Perform analysis to compare the arrival delays for the two airlines.
Your code should be in an R Markdown file, posted to rpubs.com, and should include narrative descriptions of your data cleanup work, analysis, and conclusions. Please include in your homework submission: The URL to the .Rmd file in your GitHub repository. and The URL for your rpubs.com web page.
#load the data
library(tidyverse)
## Warning: package 'tidyverse' was built under R version 4.2.3
## Warning: package 'ggplot2' was built under R version 4.2.3
## Warning: package 'tibble' was built under R version 4.2.3
## Warning: package 'tidyr' was built under R version 4.2.3
## Warning: package 'readr' was built under R version 4.2.3
## Warning: package 'dplyr' was built under R version 4.2.3
## Warning: package 'lubridate' was built under R version 4.2.3
## ── Attaching core tidyverse packages ──────────────────────── tidyverse 2.0.0 ──
## ✔ dplyr 1.1.4 ✔ readr 2.1.4
## ✔ forcats 1.0.0 ✔ stringr 1.5.0
## ✔ ggplot2 3.4.2 ✔ tibble 3.2.1
## ✔ lubridate 1.9.2 ✔ tidyr 1.3.0
## ✔ purrr 1.0.1
## ── Conflicts ────────────────────────────────────────── tidyverse_conflicts() ──
## ✖ dplyr::filter() masks stats::filter()

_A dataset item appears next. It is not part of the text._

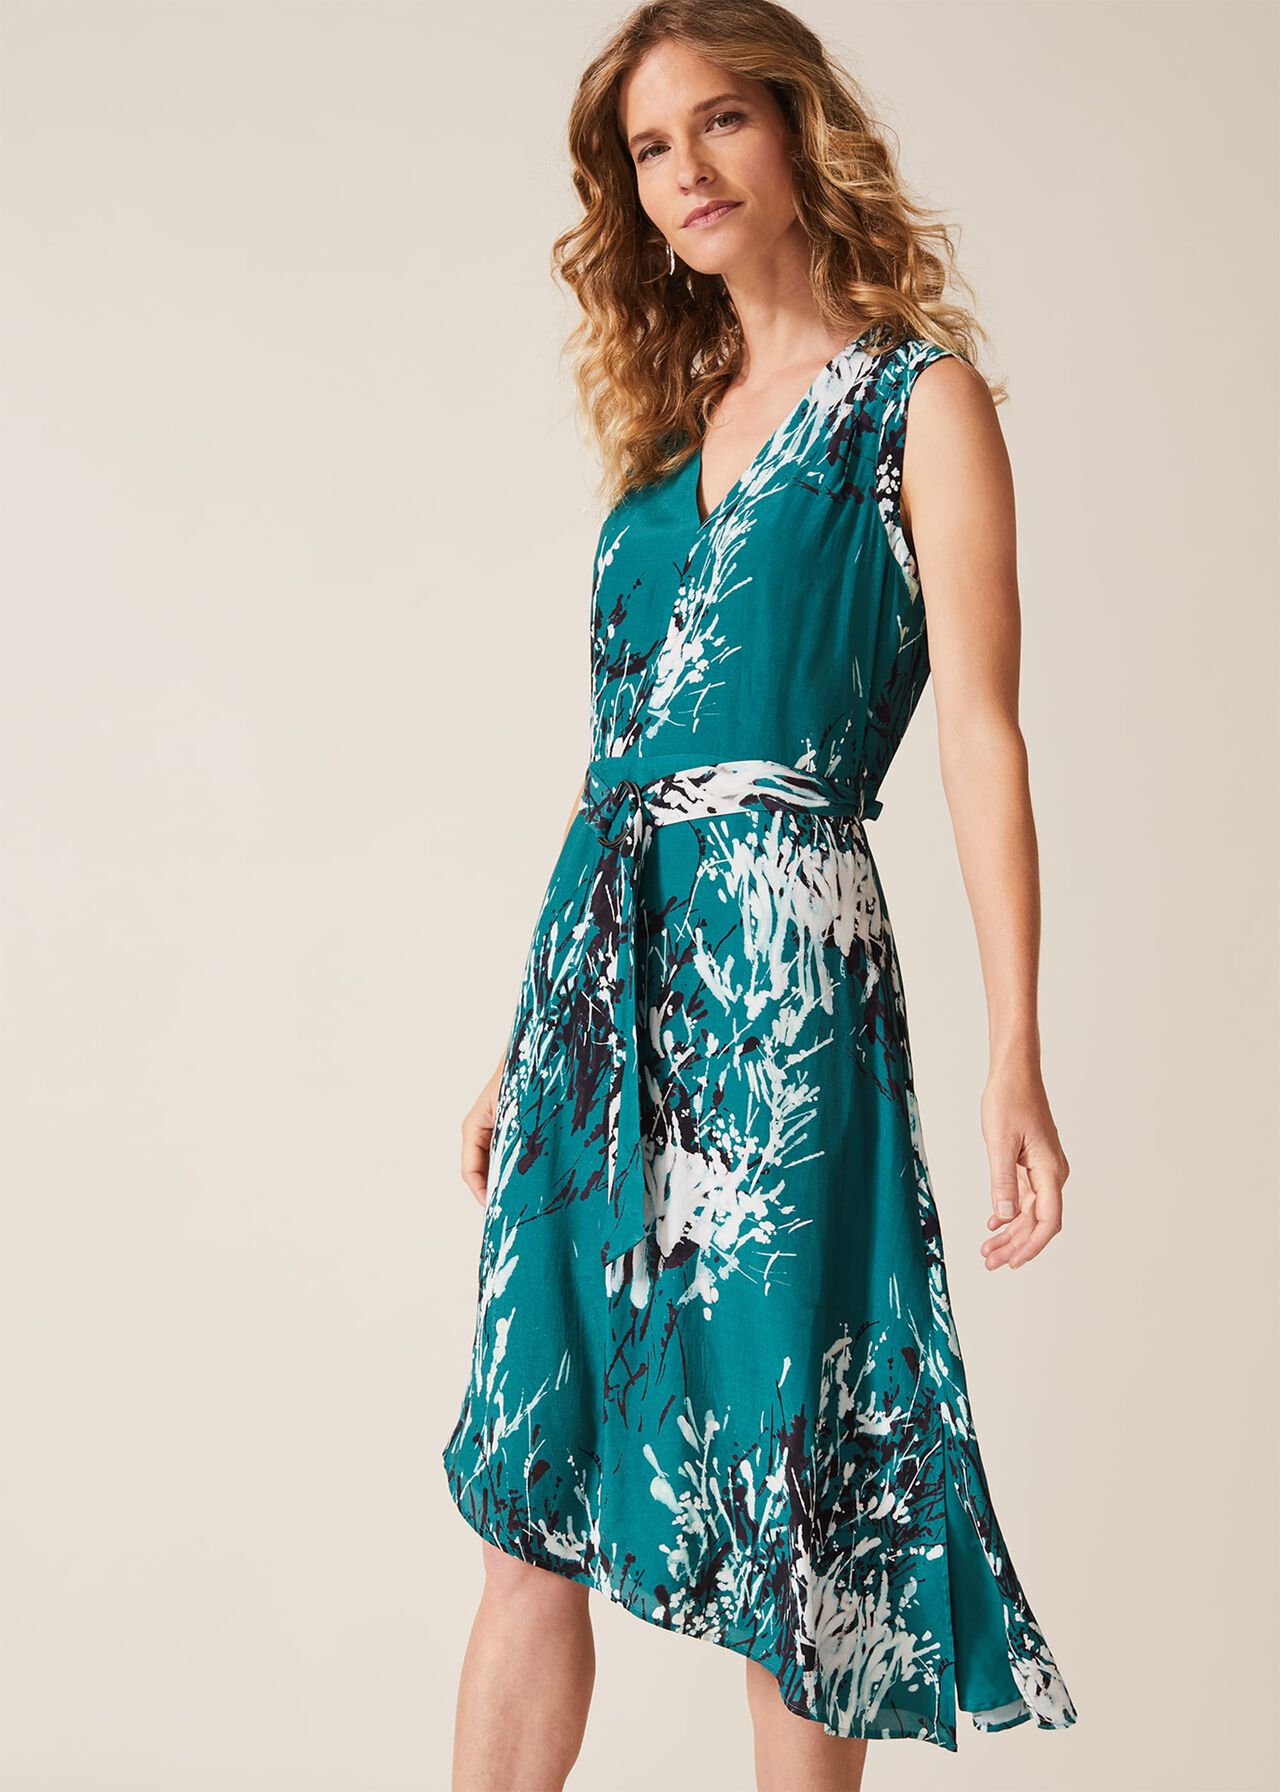 Laverne Printed Dress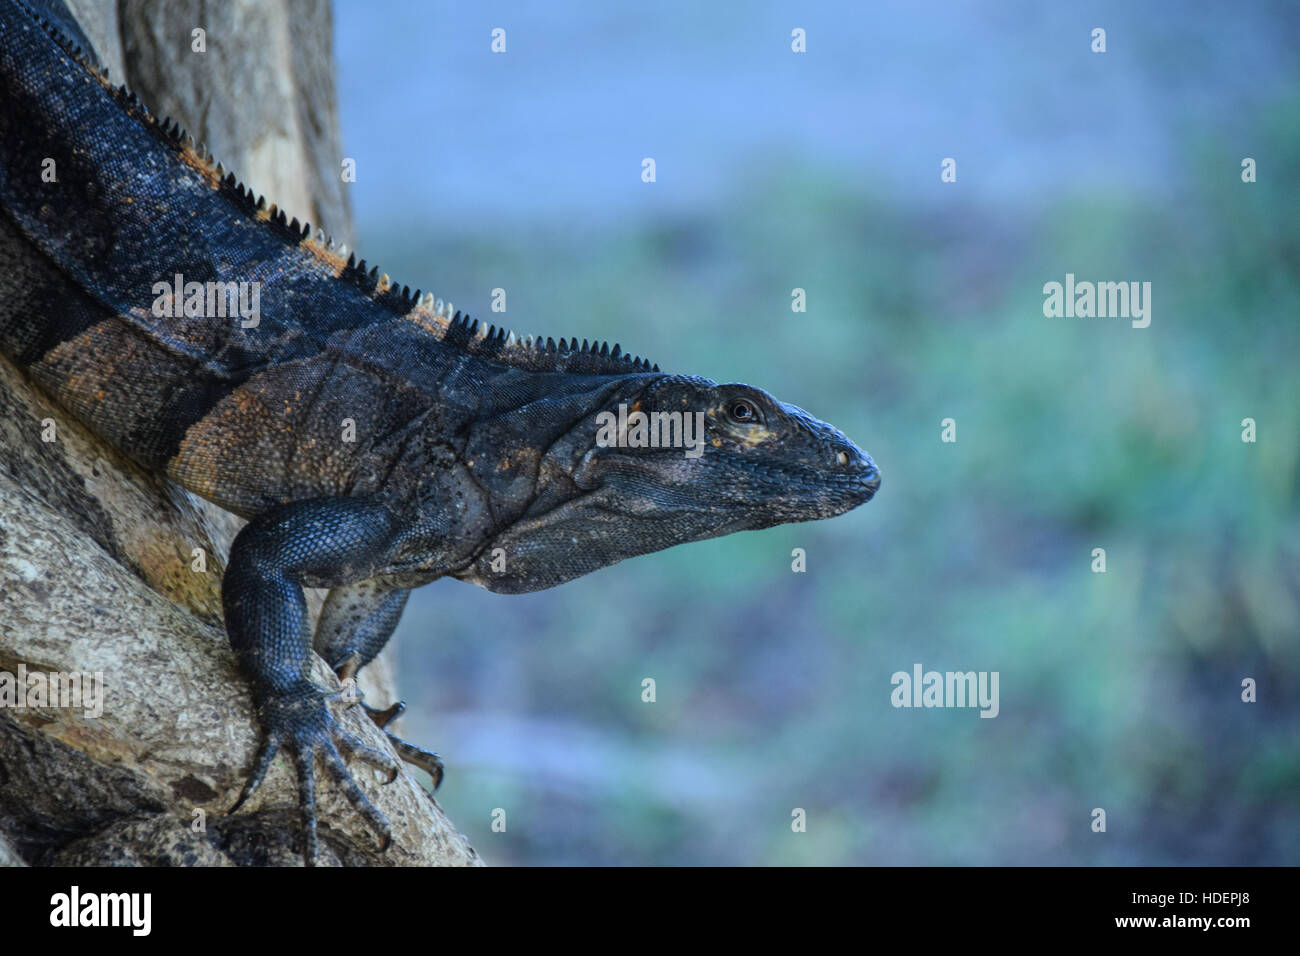 Iguana watching the camera, catching the sunlight on a tree Stock Photo

## ✖ dplyr::lag() masks stats::lag()
## ℹ Use the ]8;;http://conflicted.r-lib.org/conflicted package]8;; to force all conflicts to become errors
library(openintro)
## Loading required package: airports
## Loading required package: cherryblossom
## Loading required package: usdata
library(dplyr)
airline_delays <- read.csv('https://raw.githubusercontent.com/nk014914/Data-607/main/airline_destinations_data_untidy.csv')
#view the data
head(airline_delays)
## X X.1 Los.Angeles Phoenix San.Diego San.Francisco Seattle
## 1 ALASKA on time 497 221 212 503 1841
## 2 delayed 62 12 20 102 305
## 3 NA NA NA NA NA
## 4 AM WEST on time 694 4840 383 320 201
## 5 delayed 117 415 65 129 61
#Removing blank row and renaming columns
airline_delays <- airline_delays %>%
drop_na() %>%
rename(airline = X, status = X.1)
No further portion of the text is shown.